Секция 16. Юриспруденция
Section 16. Science of law Секция 16. Юриспруденция
Dzhansarayeva Rima Yerenatovna, Al-Farabi Kazakh National University, Head of the Department of Criminal Law, Criminal Process and Criminalistics, Doctor of Legal Sciences, Professor E-mail: [email protected]
A problem of a high rate of «prison population» in Kazakhstan and measures for its reduction
Abstract: The article analyses the reasons of growth of the convicted prisoners in the correctional institutions of Kazakhstan and considers the measures for reduction of the «prison population» rate.
Keywords: penal system, correctional institution, a convicted, «prison population»
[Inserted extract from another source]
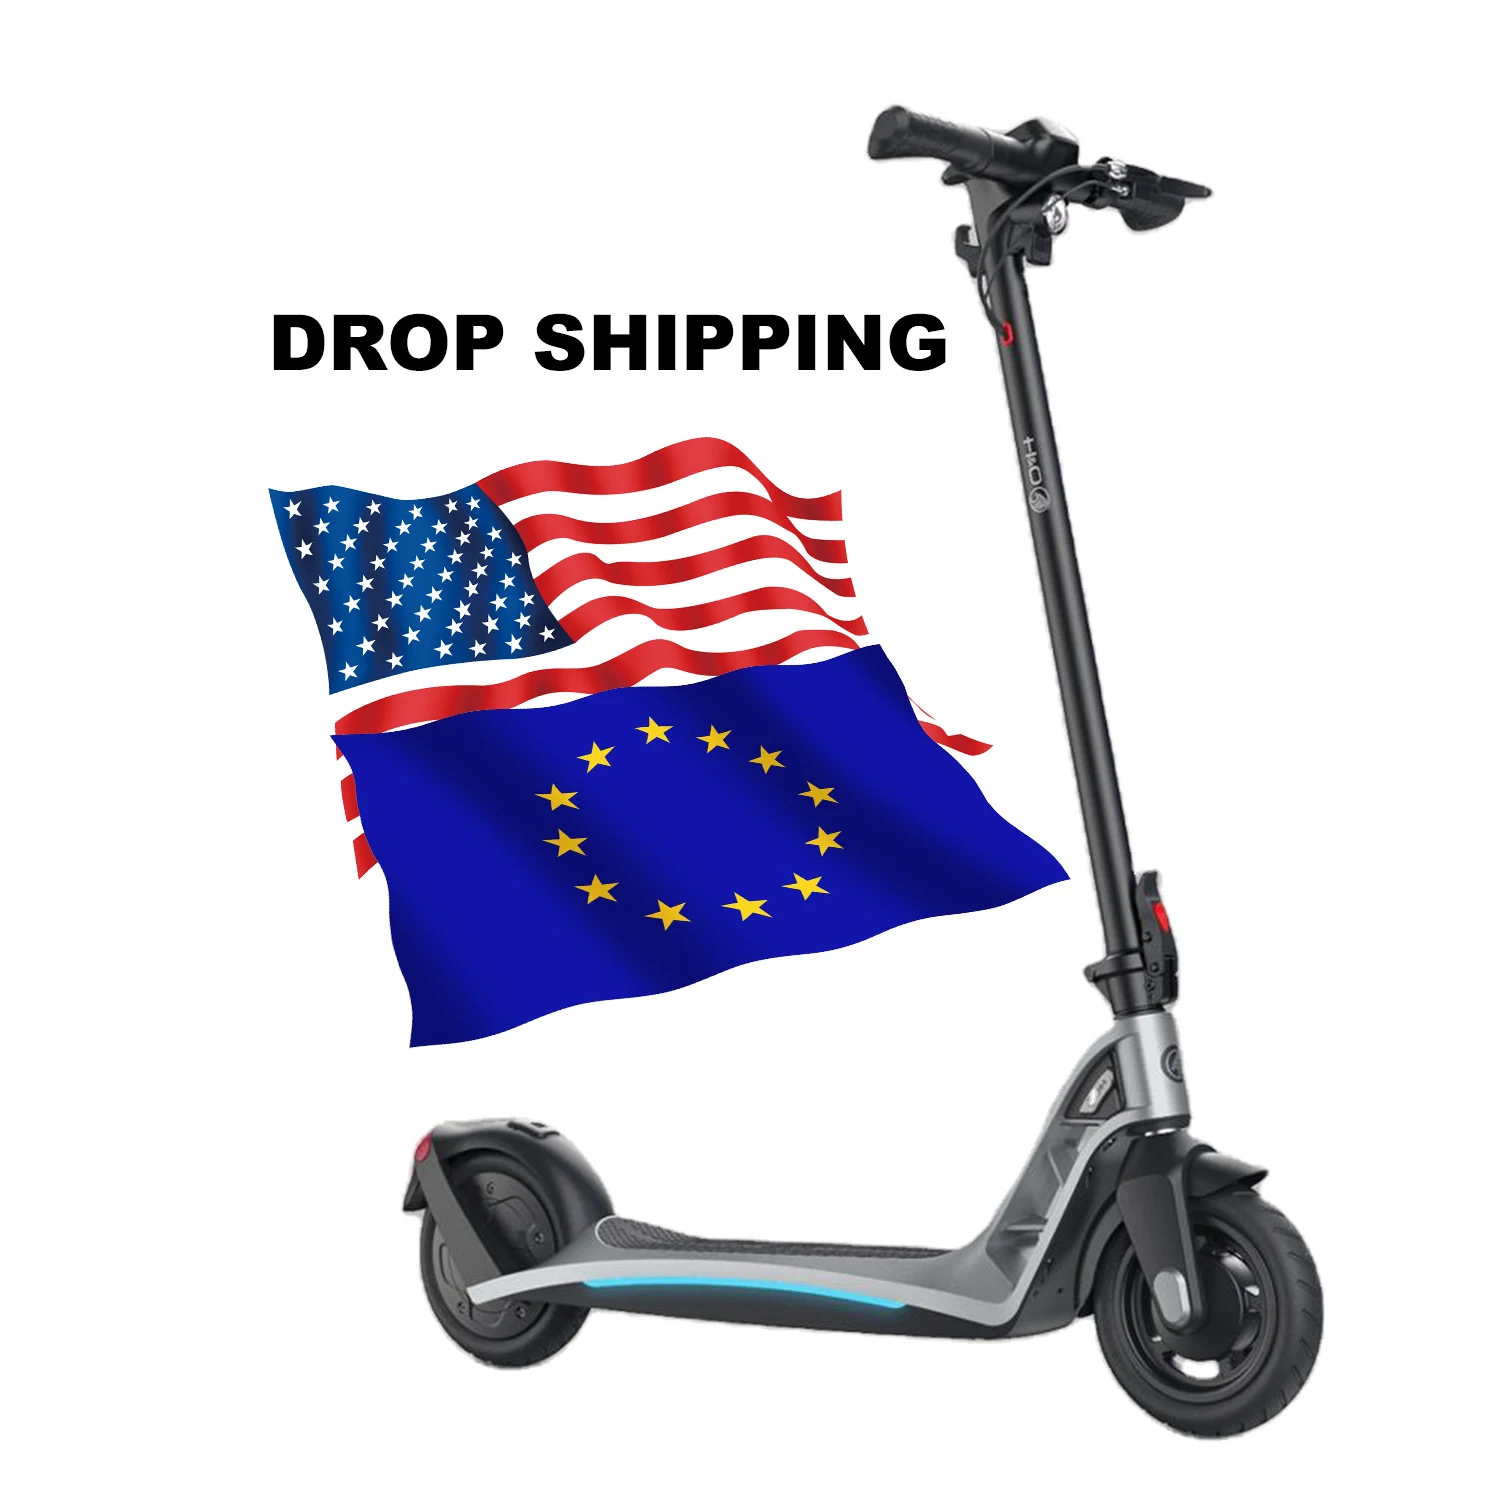 

H10 EU US Warehouse OEM Red Dot Award Electrica Scuter Magnesium Alloy Foldable Waterproof Electronic Electric E Scooter

In recent decades the tendency to expand the sphere of criminal control has dominated world-wide and a considerable concentration of the population of the countries in prisons has been observed. The overpopulation of prisons that had become a typical problem was viewed as internal national issue unrelated to the international image of the state. Consequently, there was realization that high, from the international point of view, share of the prisoners in the population was a problem related to the international image of the country. The attempts to justify the share of «prison» population as an evidence of effective «protection of the society» by the criminal justice system as a result of its determination and severity occur less often.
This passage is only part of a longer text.